▸ **Exercise instructions**:
Go through the records and tally the lines that include the word "with". The answer is that total alone.

▸ **Information supplied**:
%%
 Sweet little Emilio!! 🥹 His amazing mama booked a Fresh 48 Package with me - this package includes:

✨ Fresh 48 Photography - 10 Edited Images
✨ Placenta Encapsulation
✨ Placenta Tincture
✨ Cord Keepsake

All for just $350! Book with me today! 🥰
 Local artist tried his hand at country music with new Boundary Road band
%%
%%
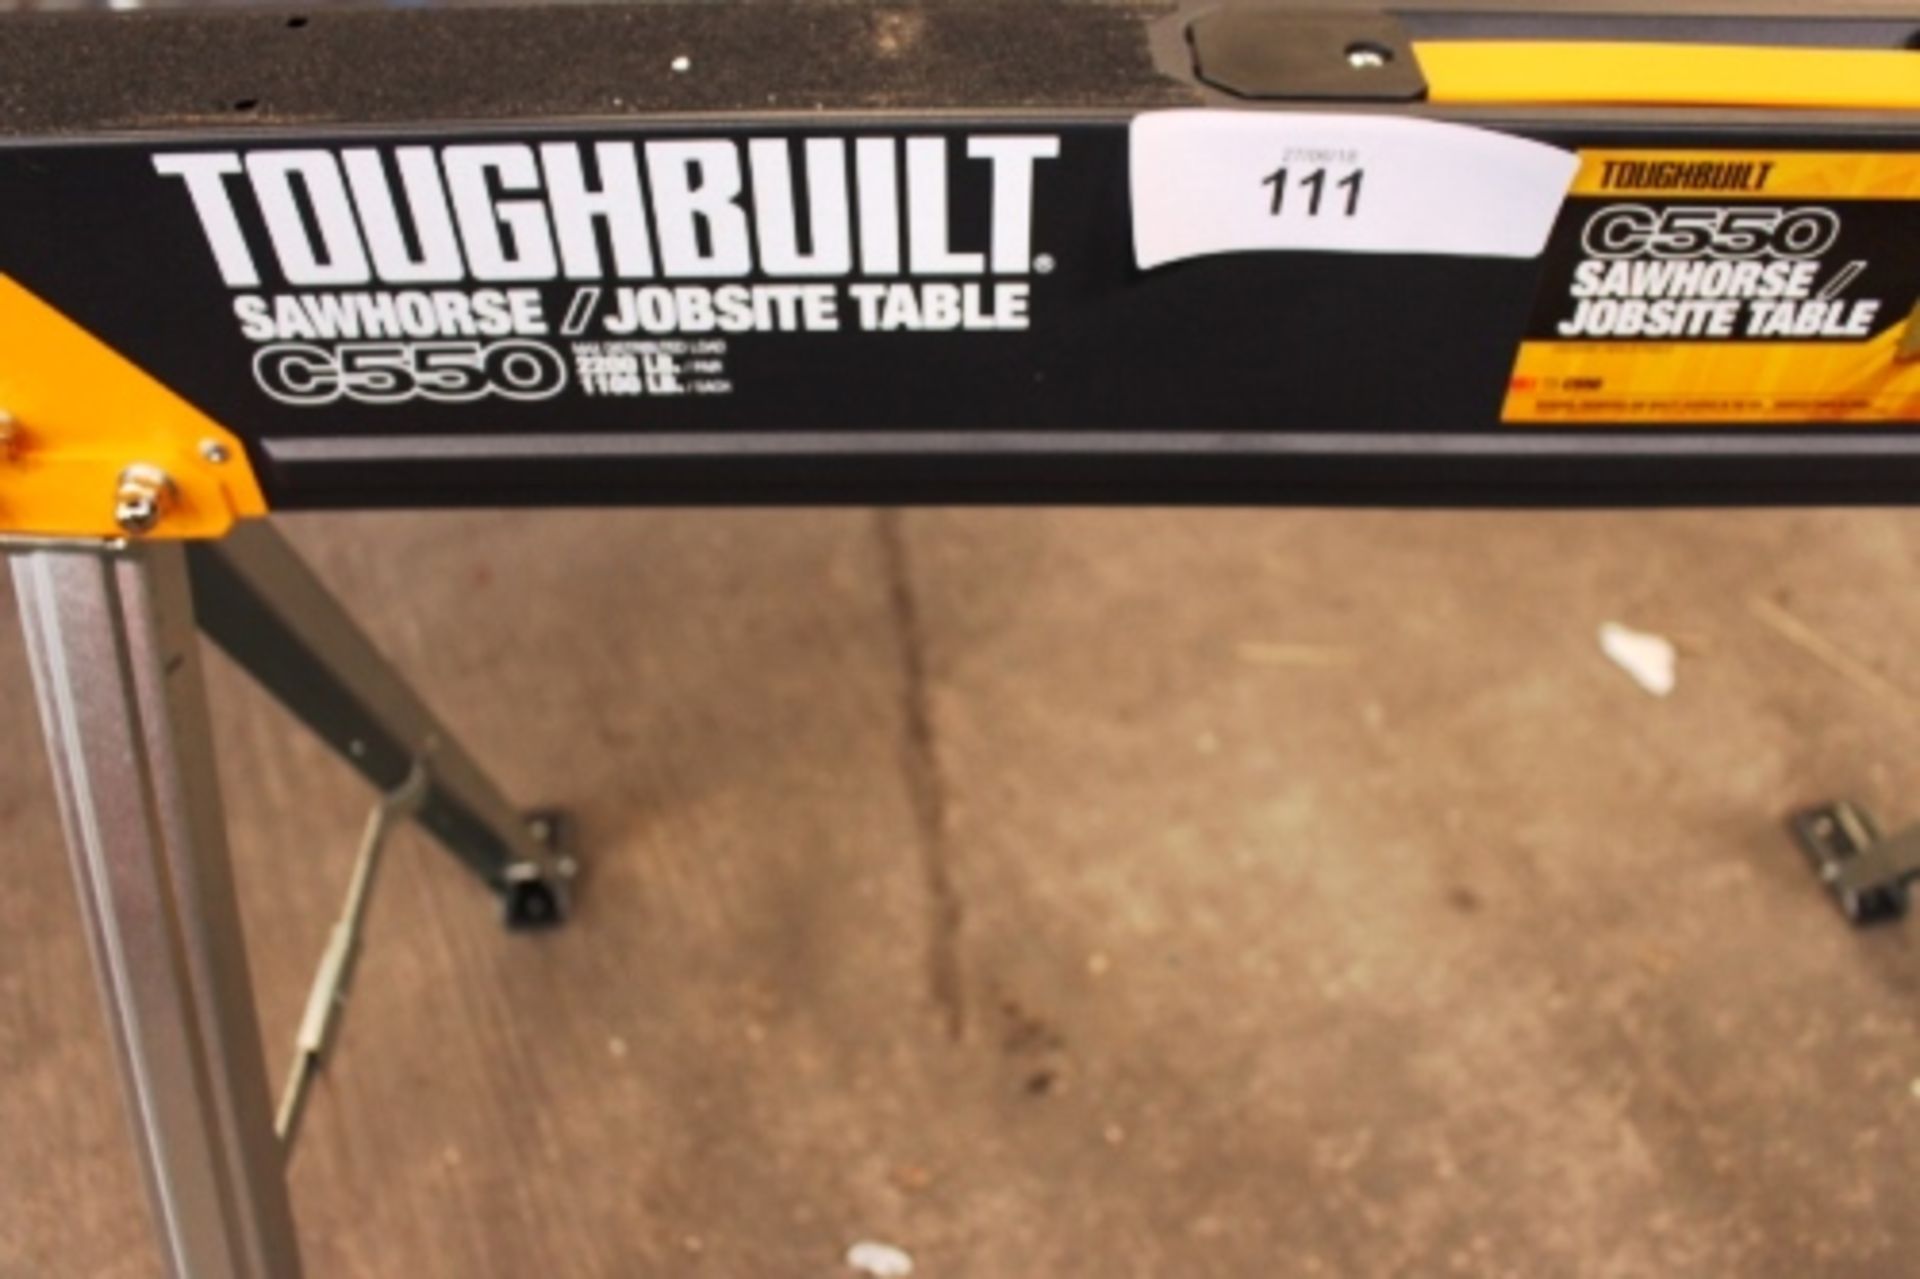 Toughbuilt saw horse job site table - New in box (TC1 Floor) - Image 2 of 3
%%
▸ **Written answer**:
3